# Found a Weber Performer (?) curbside for TRASH!



## Greg Rempe (Jun 27, 2005)

Susan Z said:
			
		

> Hmmm....say, I DO have an attic.  Mebbe Greg can give me tips on the best way to lug the beasts up and down the stairs...!
> 
> Looks like the Simpson's grill is gonna' stay in its box for the foreseeable future.

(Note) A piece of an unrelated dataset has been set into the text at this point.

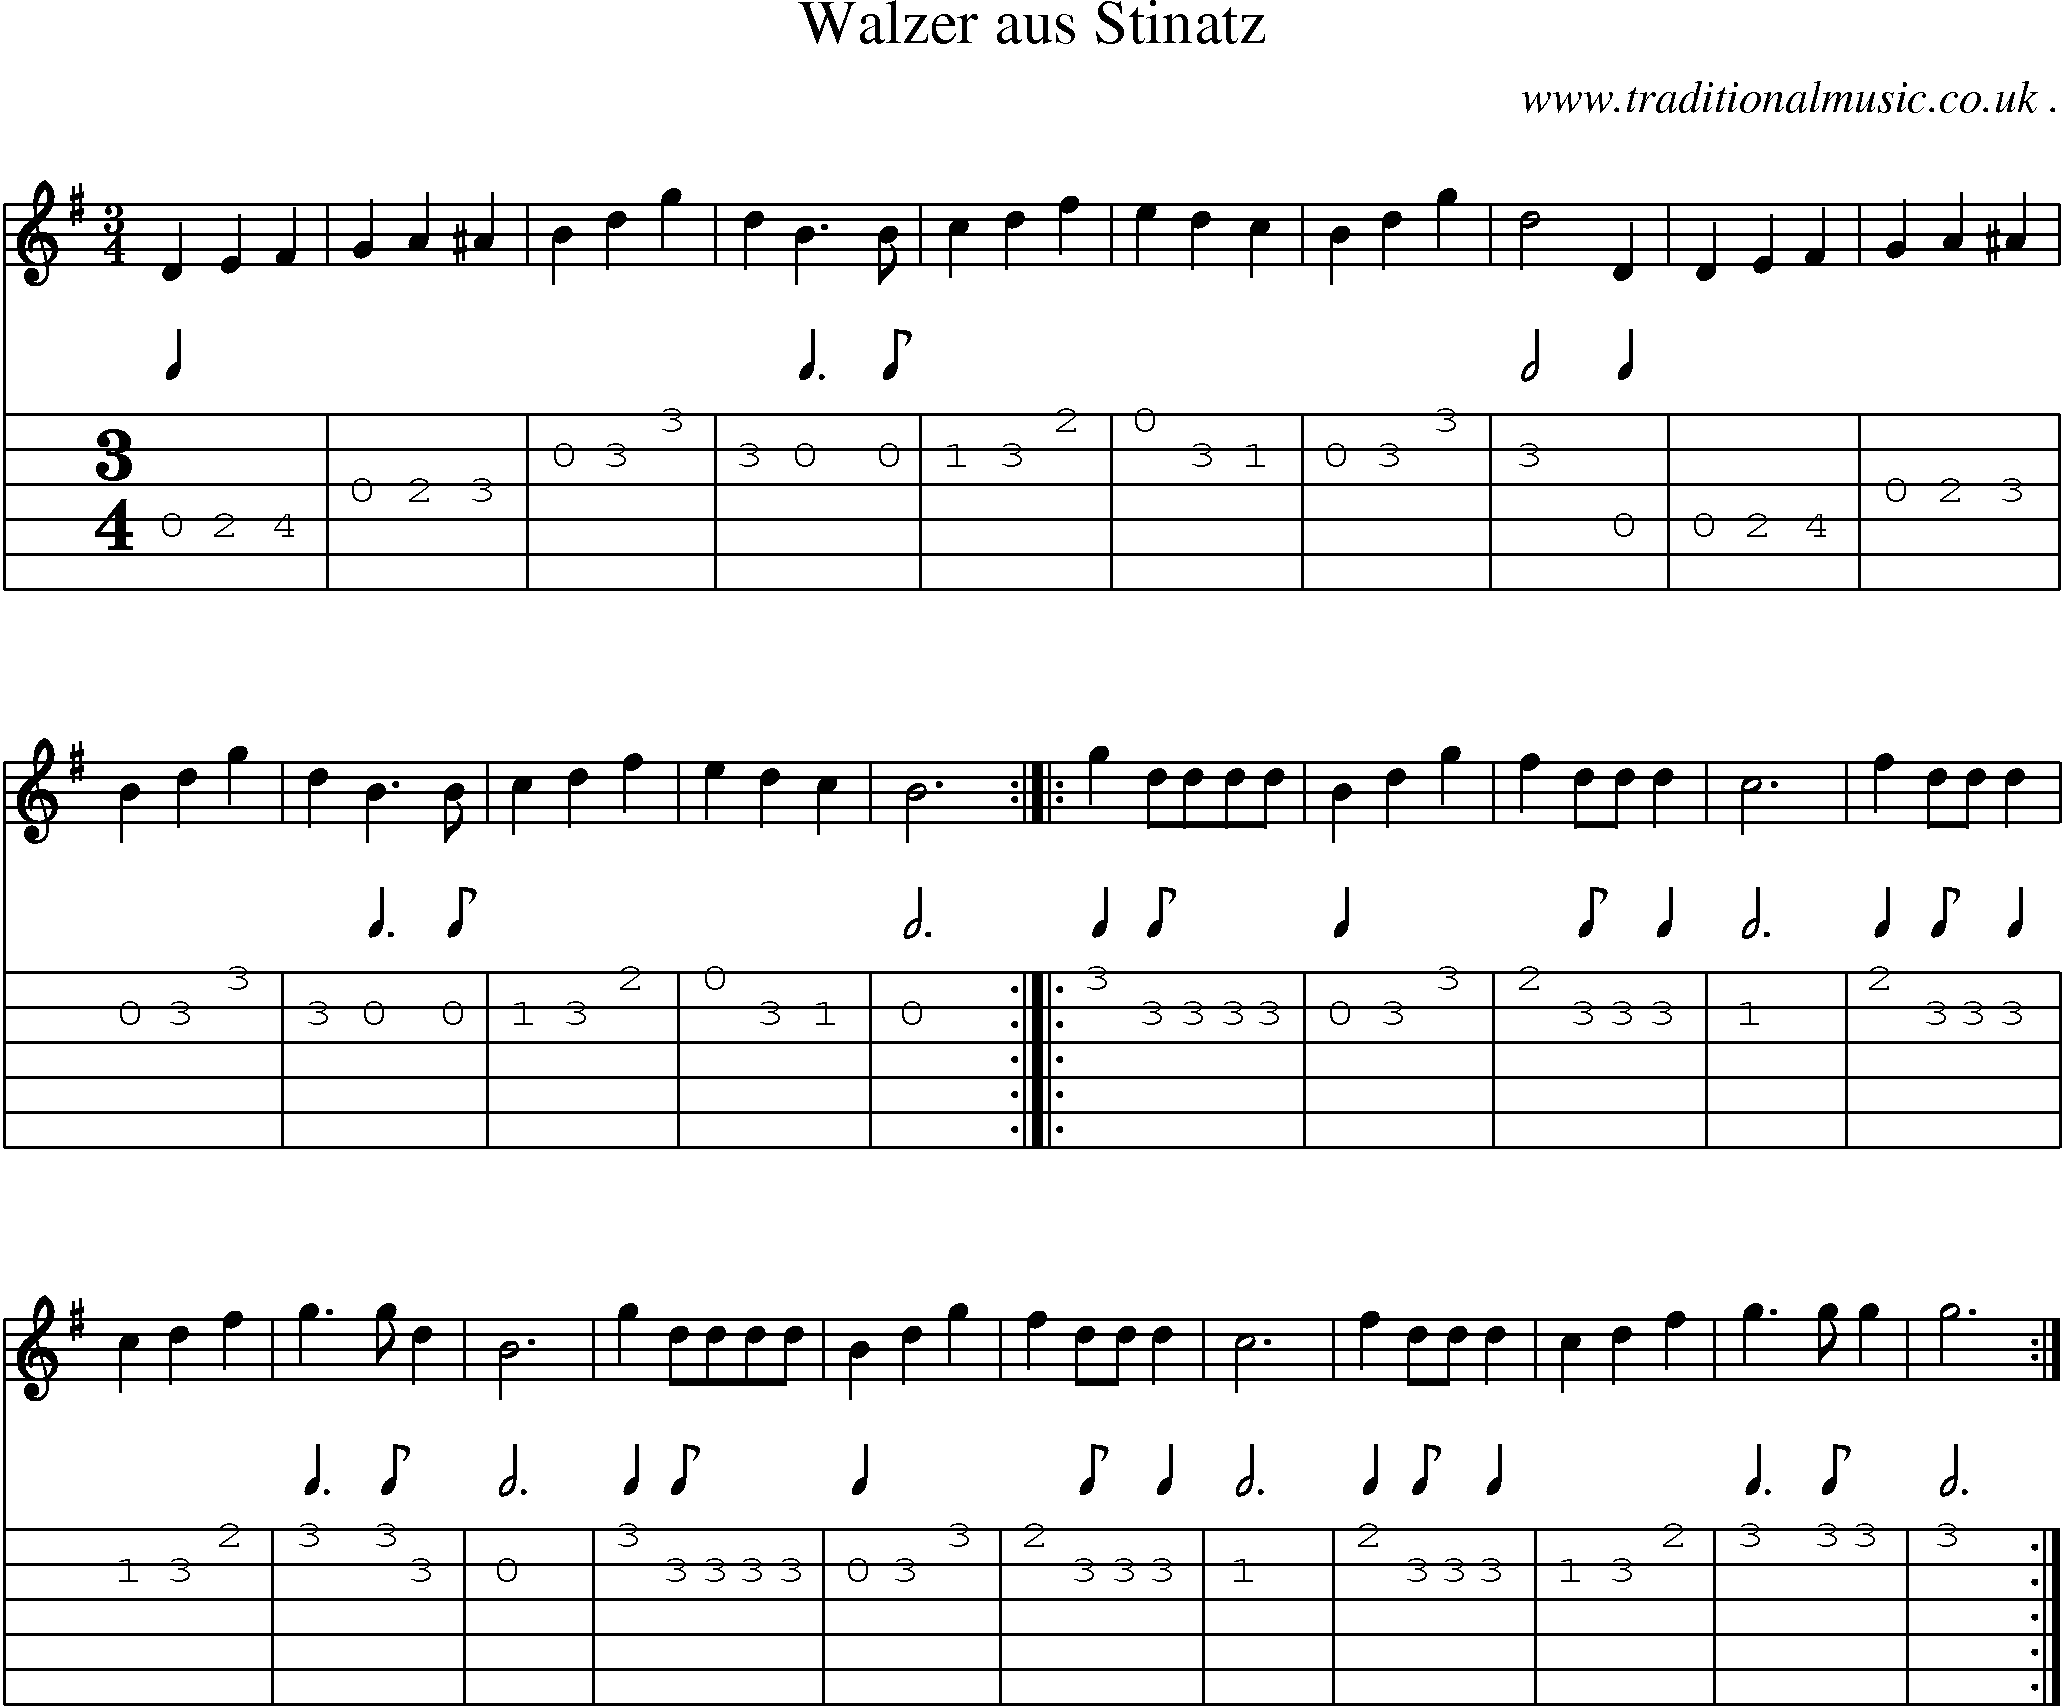 Sheet-Music and Guitar Tabs for Walzer Aus Stinatz
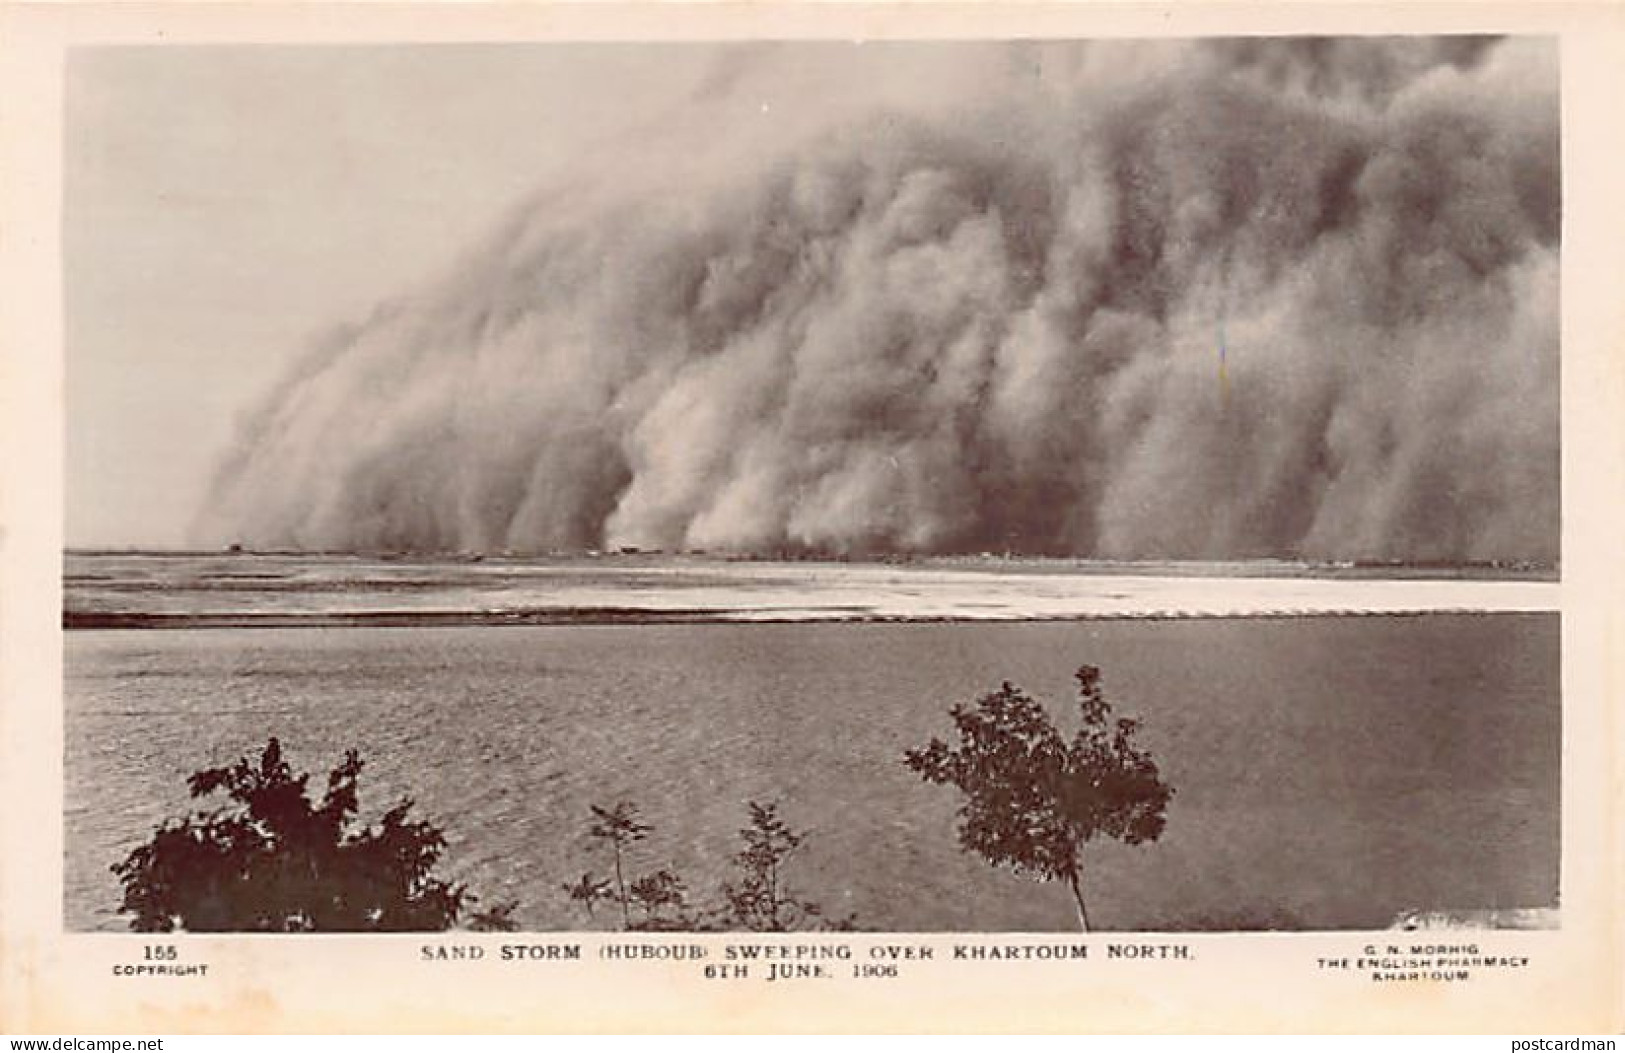 Sudan - Sand Storm Sweeping Over Khartoum North, 6th June 1906 - REAL PHOTO Publ. G. N. Mohring 155 - Soudan

Looks heavy to lift...was it _*FREE*_!


----------



## Shawn White (Jun 27, 2005)

:lmao: 

The Hindenburg at least flew and the Titanic sailed before catastrophe, unlike your idea.   Maybe they were better ideas.  :grin:


----------



## ddog27 (Jun 27, 2005)

People throw away grills???         
That clearly has to be against the law right?


----------



## Nick Prochilo (Jun 27, 2005)

I'll bet some guy was getting ready for his block party the next morning! Can you imagine the look on his face when he went out the next morning to light the damn thing and it was gone? Hey Susan, was it loaded with charcol?


----------



## Finney (Jun 27, 2005)

oh forget it....  I can't even explain how every one else's grill finds differ from mine.  :-(


----------



## Nick Prochilo (Jun 27, 2005)

Finney said:
			
		

> oh forget it....  I can't even explain how every one else's grill finds differ from mine.  :-(



Come on Chris....we're listening! :!:


----------



## Finney (Jun 27, 2005)

:lmao:  :lmao:  :lmao:


----------